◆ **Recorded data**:
BEGIN

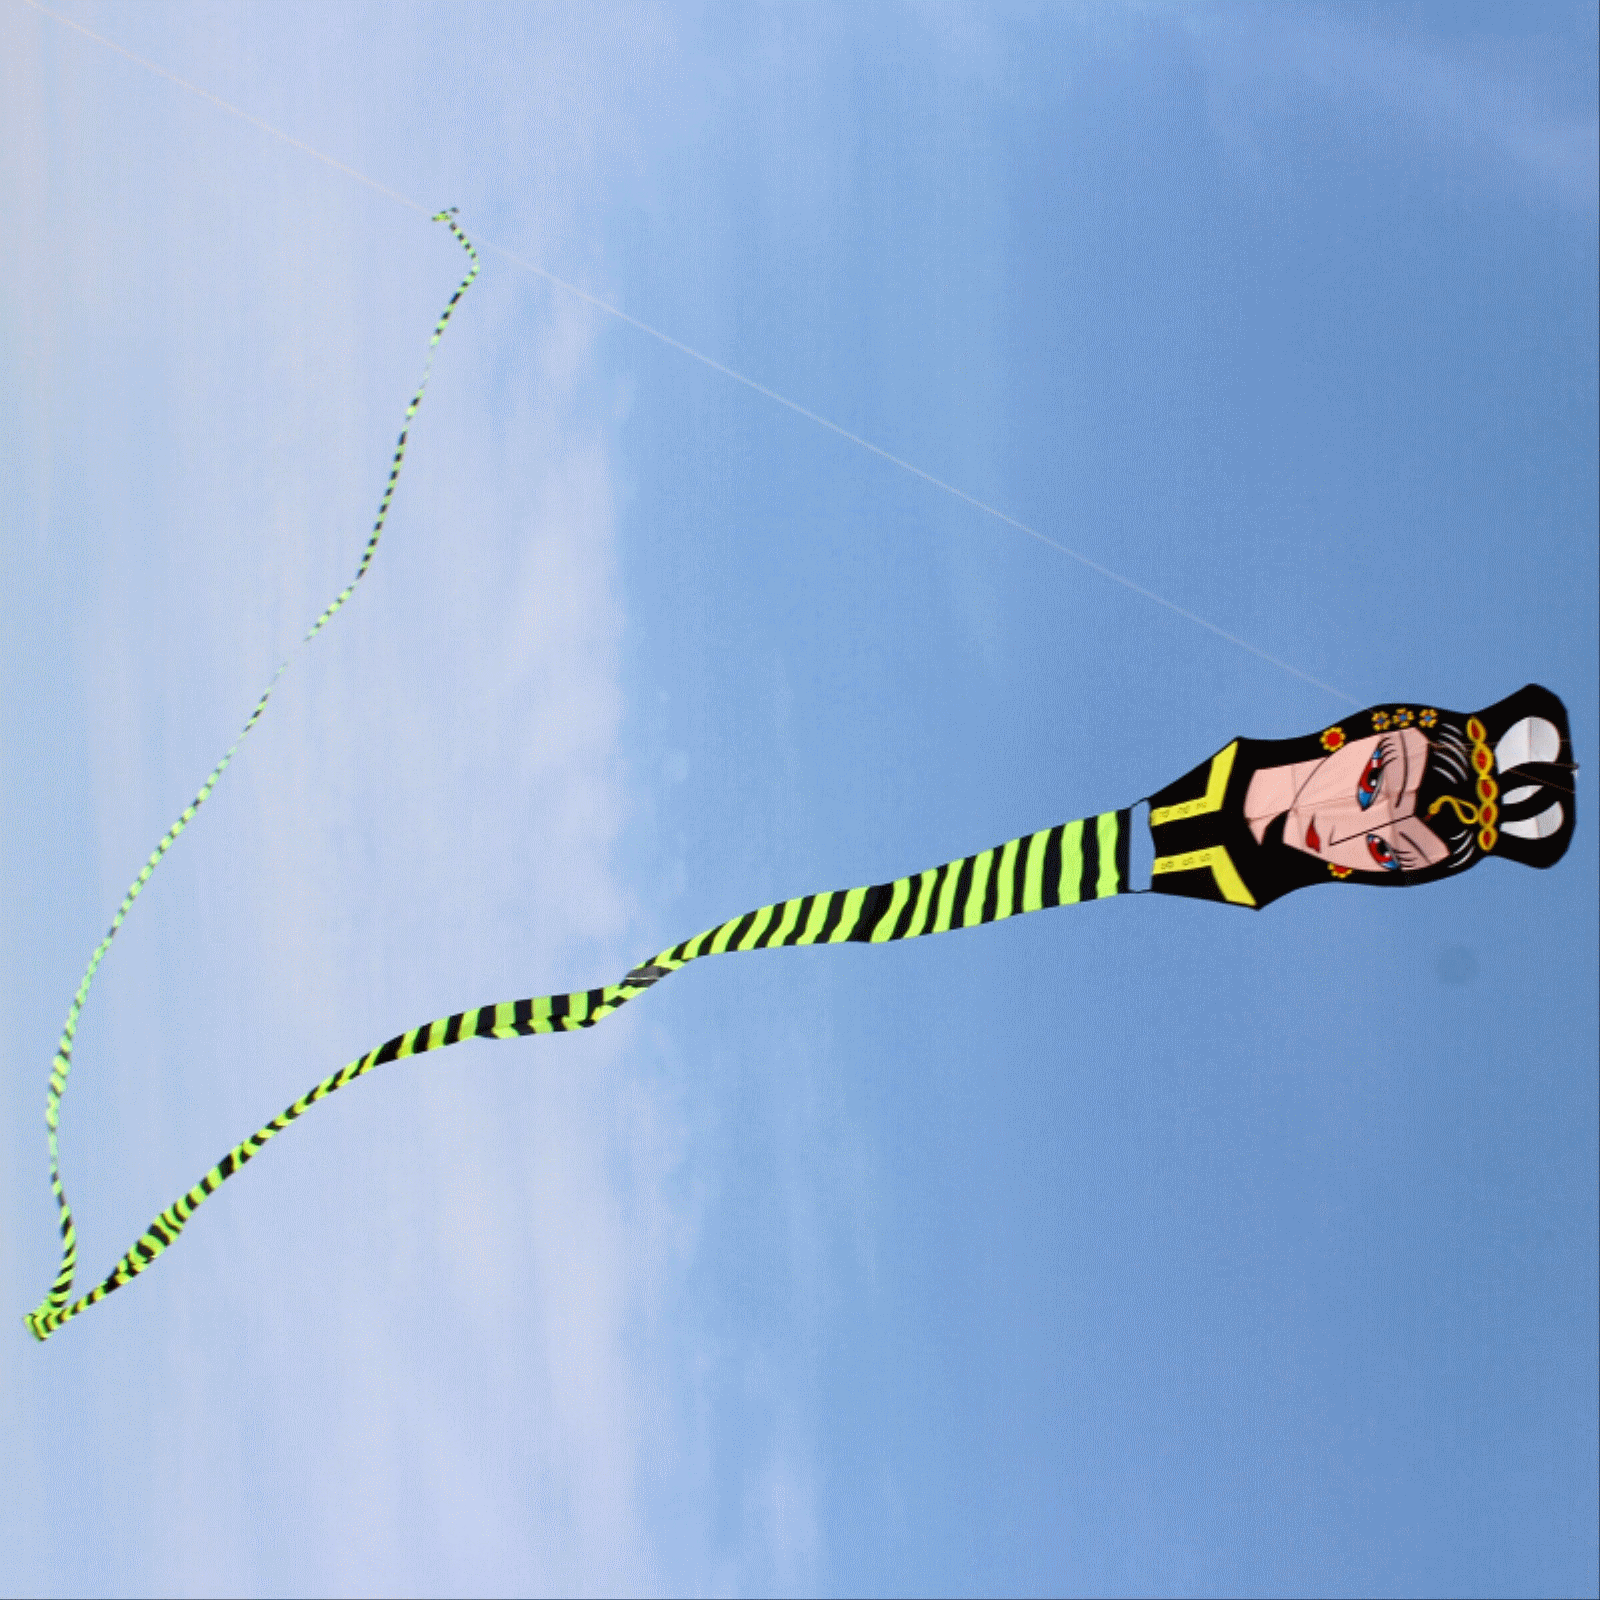 大型风筝美女蛇30米50米风筝微风可飞 天顺风筝2016新款风筝包邮
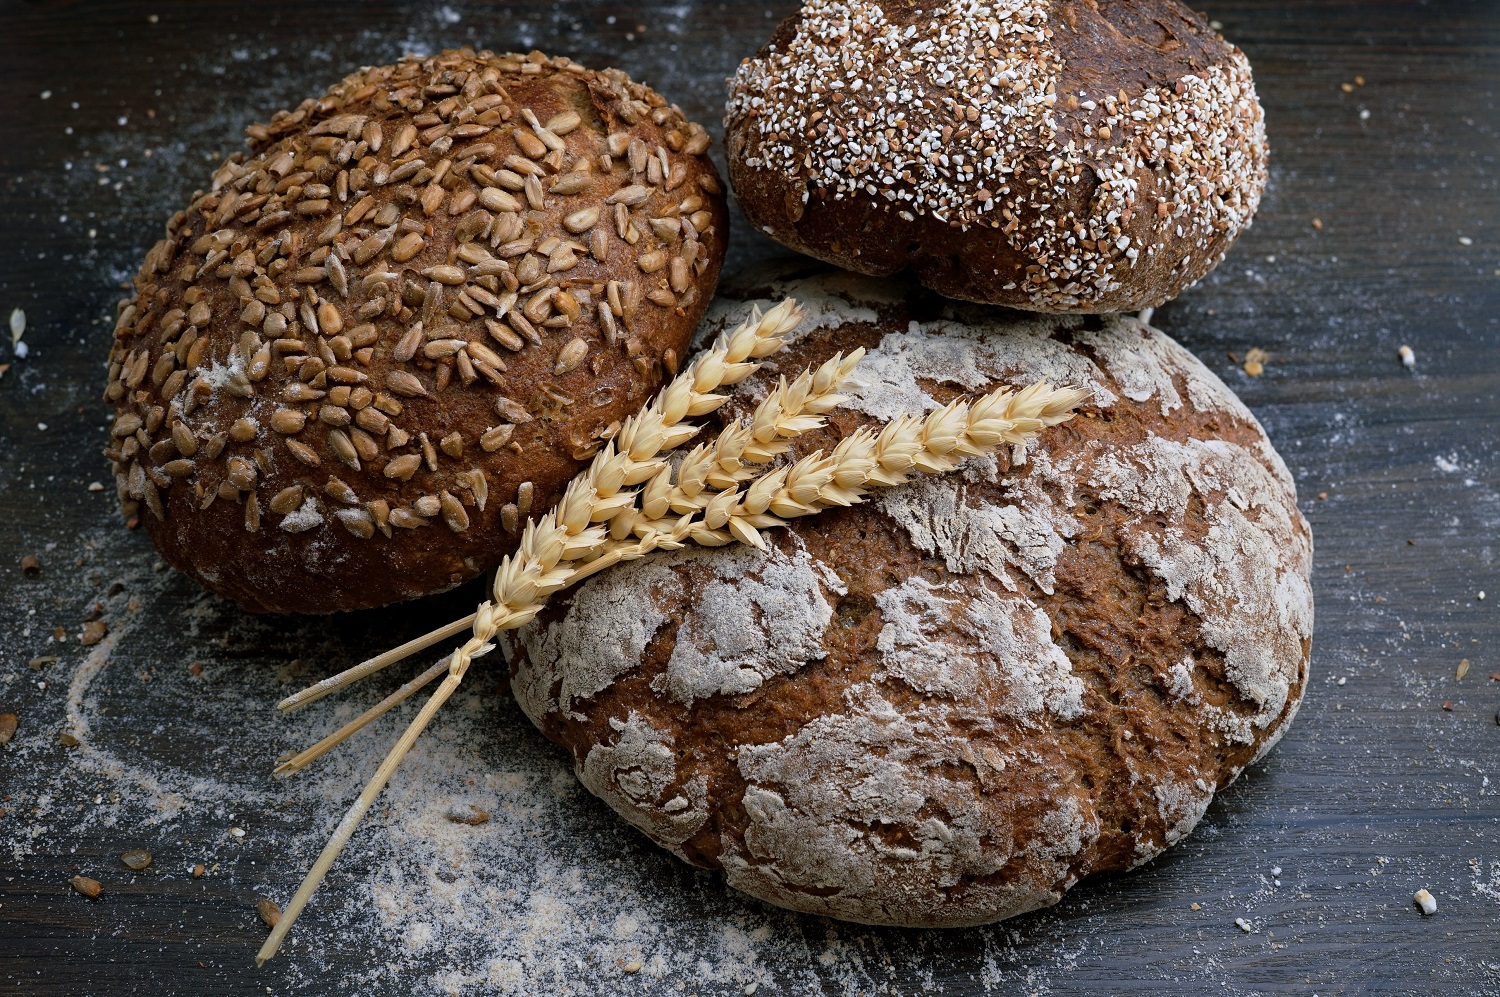 Karštis – tikras iššūkis duonai: kaip teisingai laikyti, kad nereikėtų išmesti?
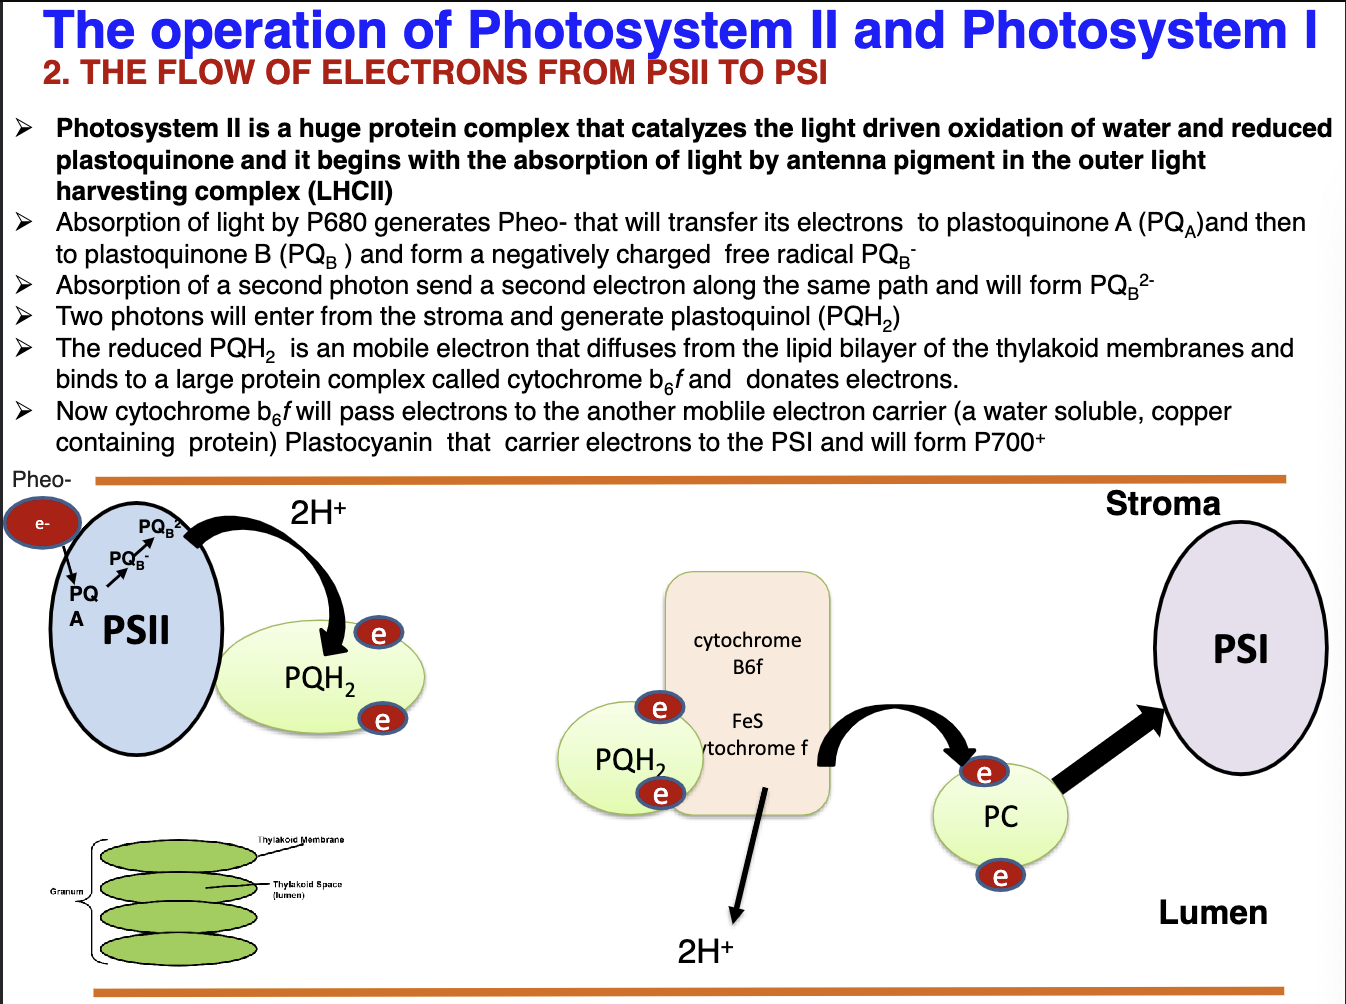 <p>Explain the flow of e- from PSII (P680) to PSI (P700):</p>
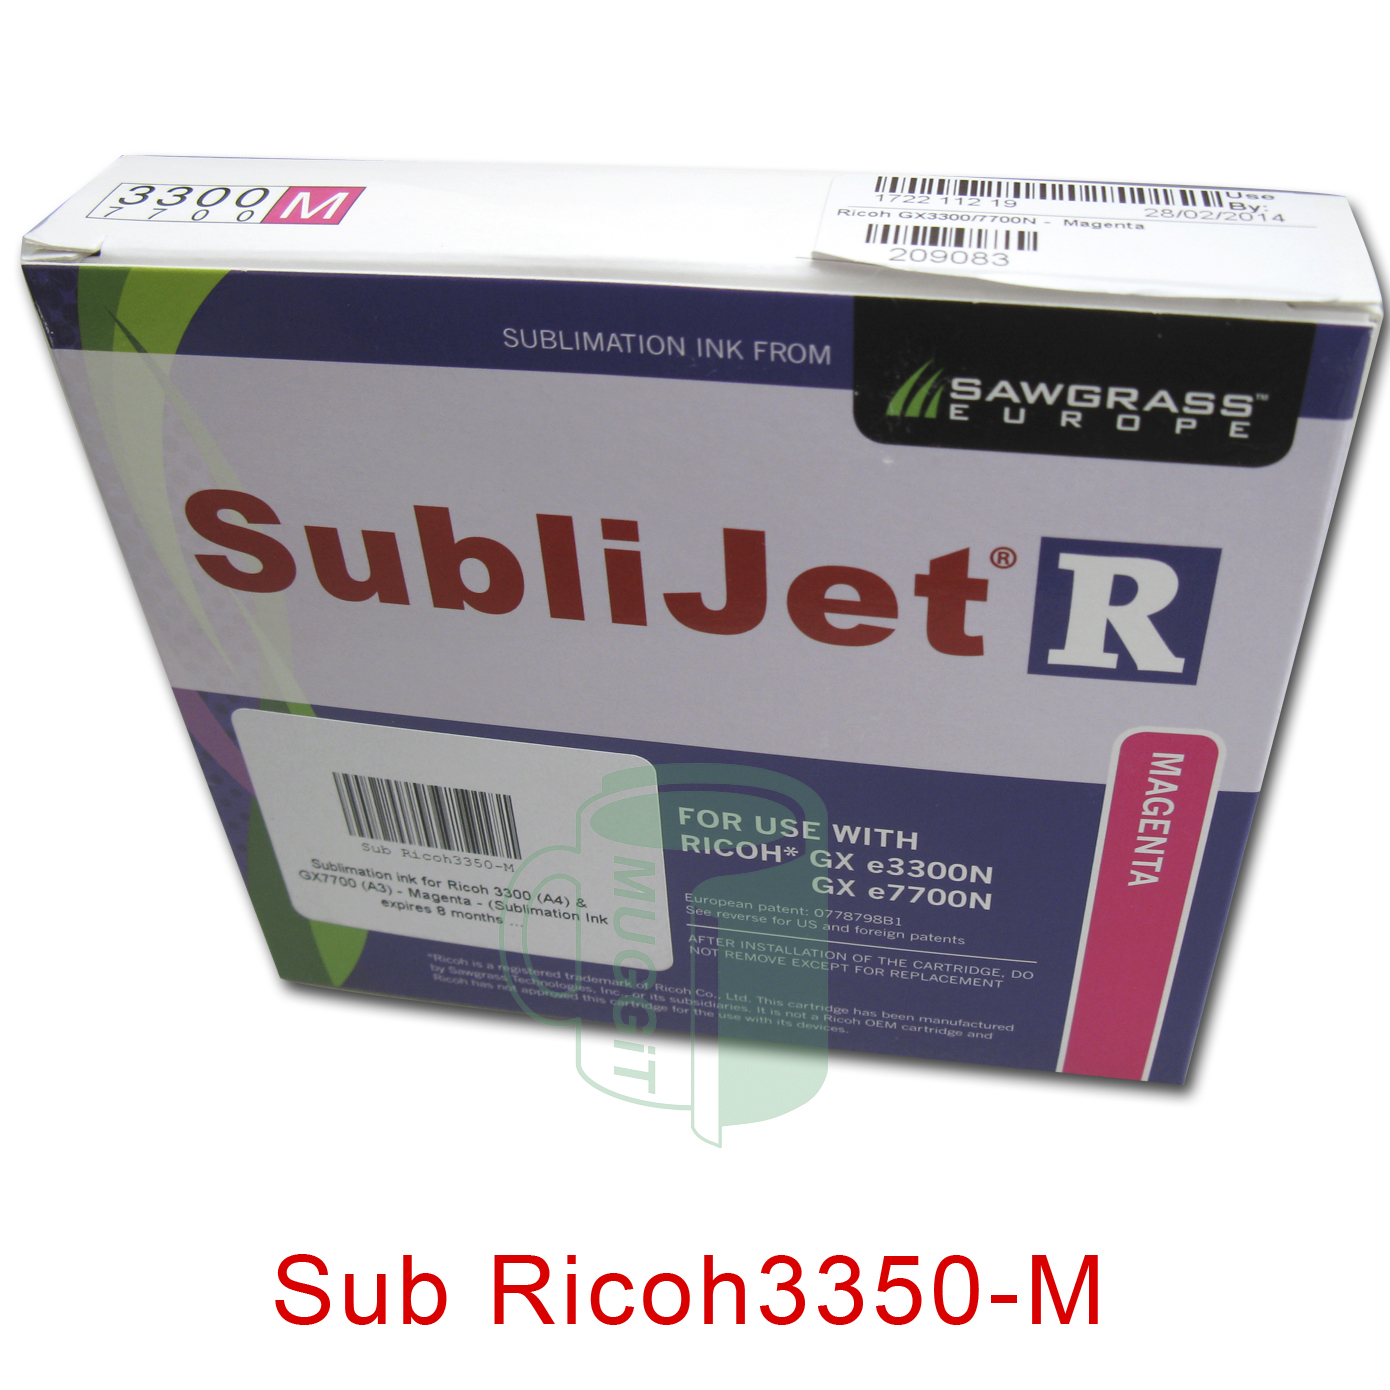 Sub Ricoh3350-M 1
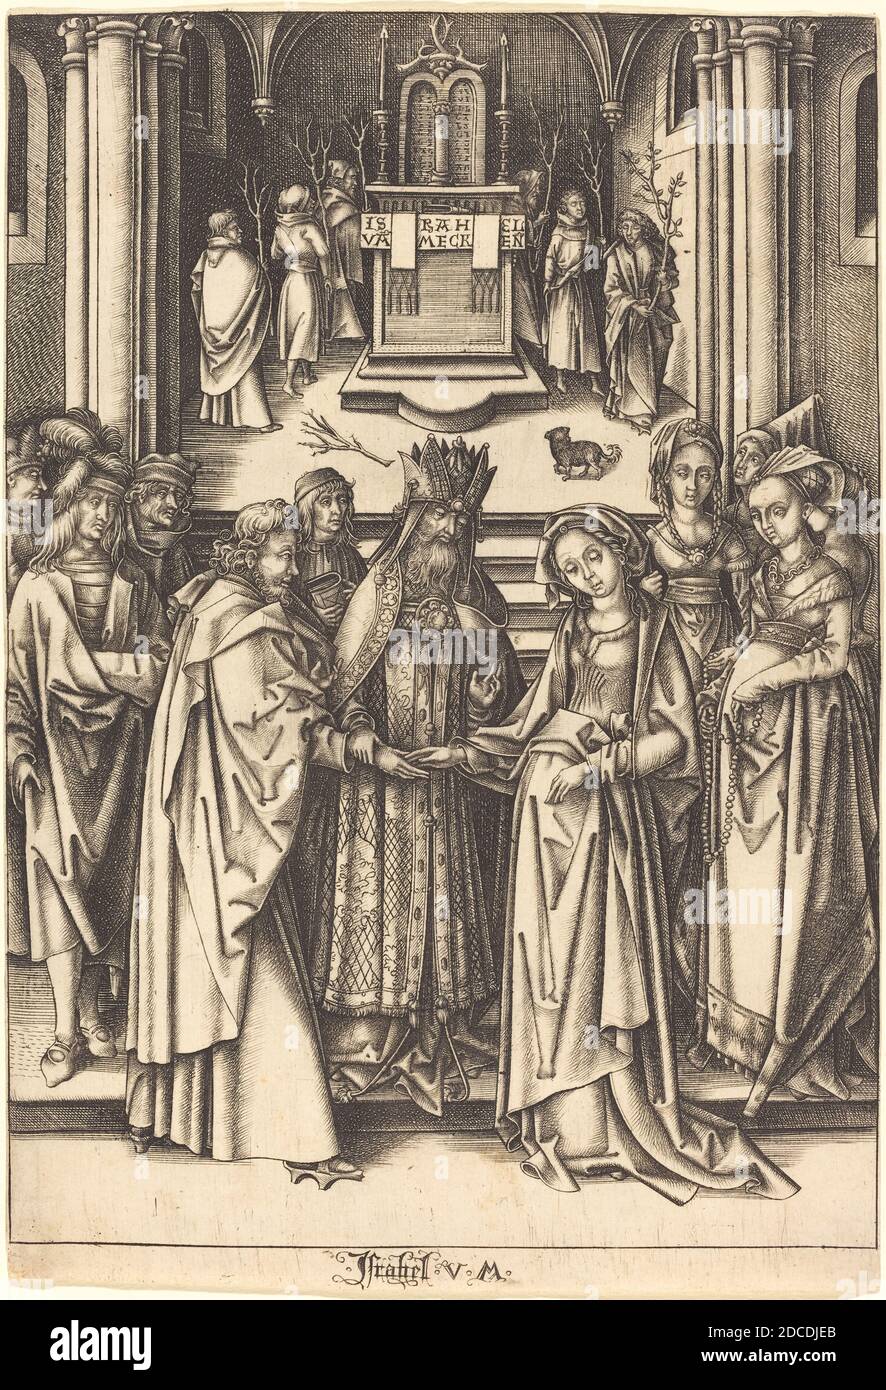 Israhel van Meckenem, (artist), German, c. 1445 - 1503, Hans Holbein the Elder, (artist after), German, c. 1465 - 1524, The Marriage of the Virgin, The Life of the Virgin, (series), c. 1490/1500, engraving Stock Photo

END

◆ **About this task**:
Output a verbatim copy of the entries and skip the pictures.

◆ **Result for this task**:
 大型风筝美女蛇30米50米风筝微风可飞 天顺风筝2016新款风筝包邮
 Karštis – tikras iššūkis duonai: kaip teisingai laikyti, kad nereikėtų išmesti?
 <p>Explain the flow of e- from PSII (P680) to PSI (P700):</p>
 Sub Ricoh3350-M 1
 Israhel van Meckenem, (artist), German, c. 1445 - 1503, Hans Holbein the Elder, (artist after), German, c. 1465 - 1524, The Marriage of the Virgin, The Life of the Virgin, (series), c. 1490/1500, engraving Stock Photo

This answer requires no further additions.